Friday, September 05, 2008

I've got my Ughs on, the ones I bought for January in St. Petersburg Russia. My feet are still freezing, the sky glows gray, it doesn't seem like it's going to hit any eighty degrees today. I'm preparing to go south to Oregon to reach high school kids with poetry, change their lives with poetry, fire them up, wake them up with poetry, but my feet are cold and I have to go to the bathroom. People I do not know have been living in my house for weeks, several groups of them. What do I think about this? I feel invaded, but squelch that since there is money in it, since my husband has relaxed into thinking about what he might like to do instead of what he must to keep us afloat, working a job he's grown to hate. I just read on the heel of my lambswool boot that I'm wearing Uggs. I prefer Ughs since that's how I feel about cold feet. I have such cold feet.

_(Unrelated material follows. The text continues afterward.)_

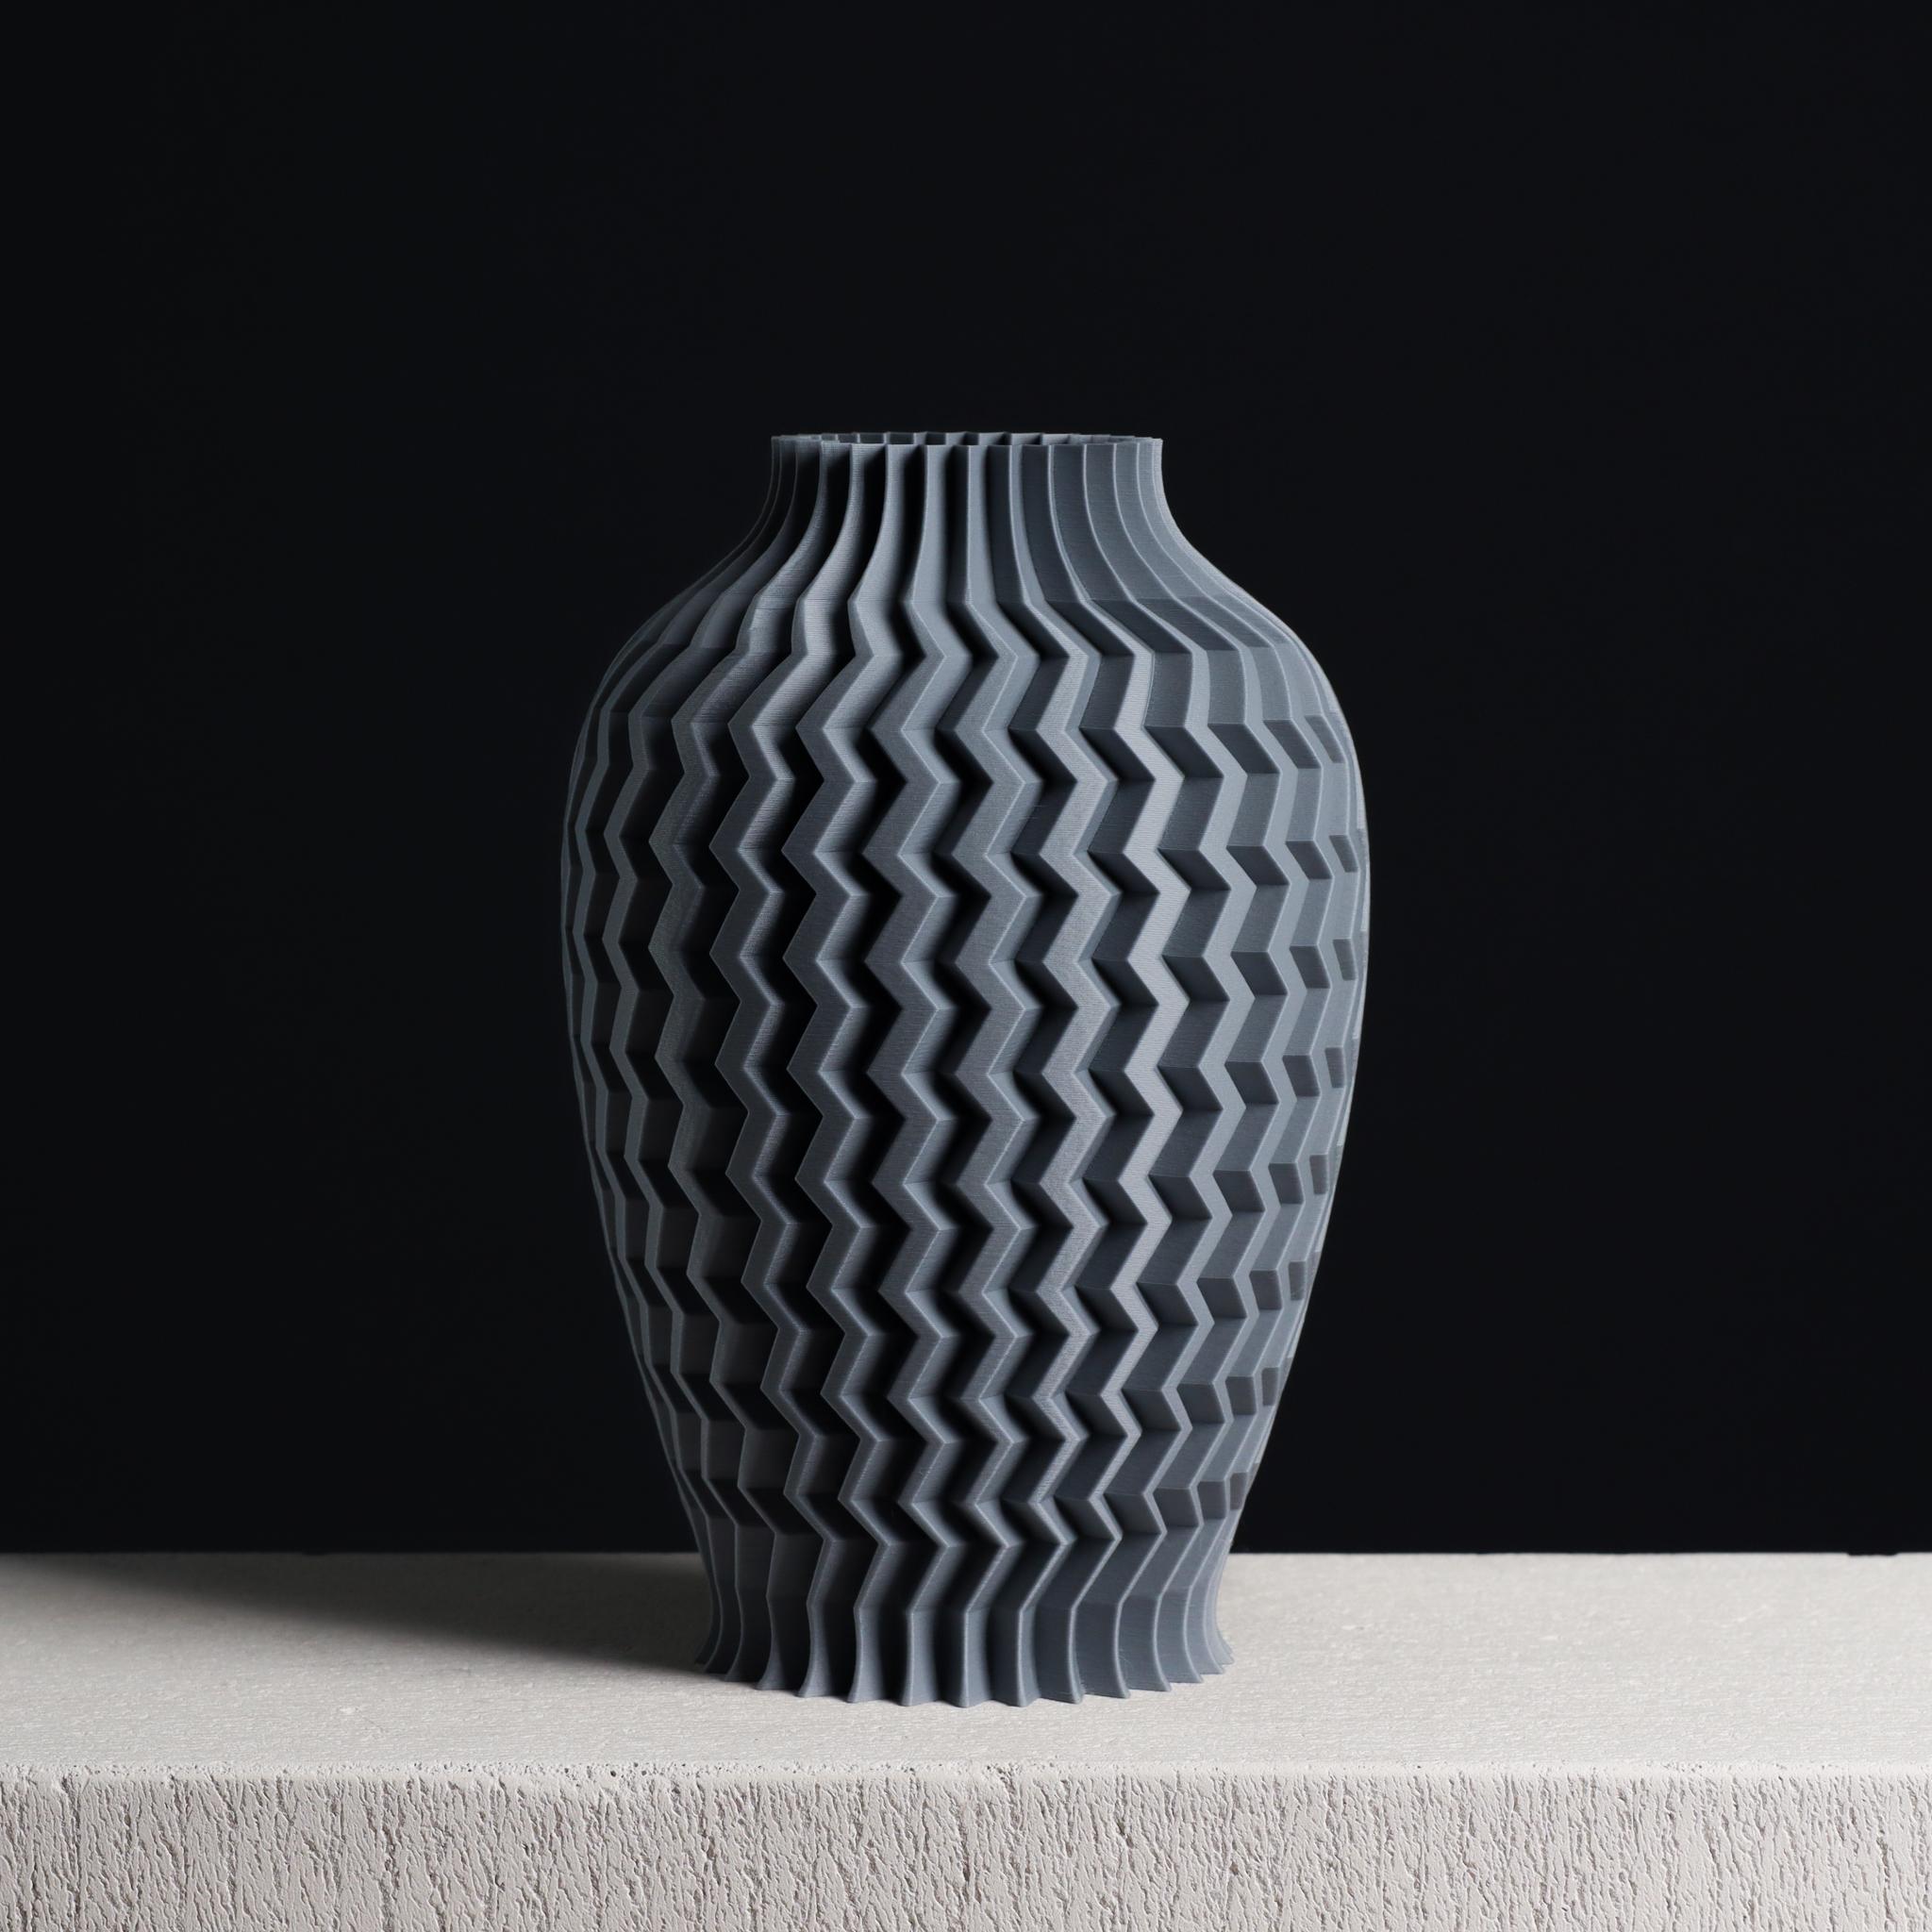  Textured Vase  3d model

Last night my friend told me about getting radioactive iodine treatment for her thyroid cancer. She always used to be cold - wore her wool coat in restaurants in summer. After the 18 hours she spent in isolation in a room where everything was covered in paper so she wouldn't irradiate it, where another woman stood six feet away and pointed a geiger counter at her, where she sat behind the yellow danger! radiation! tape, she isn't cold anymore. She wanders her living room on cool days in a tank top and shorts.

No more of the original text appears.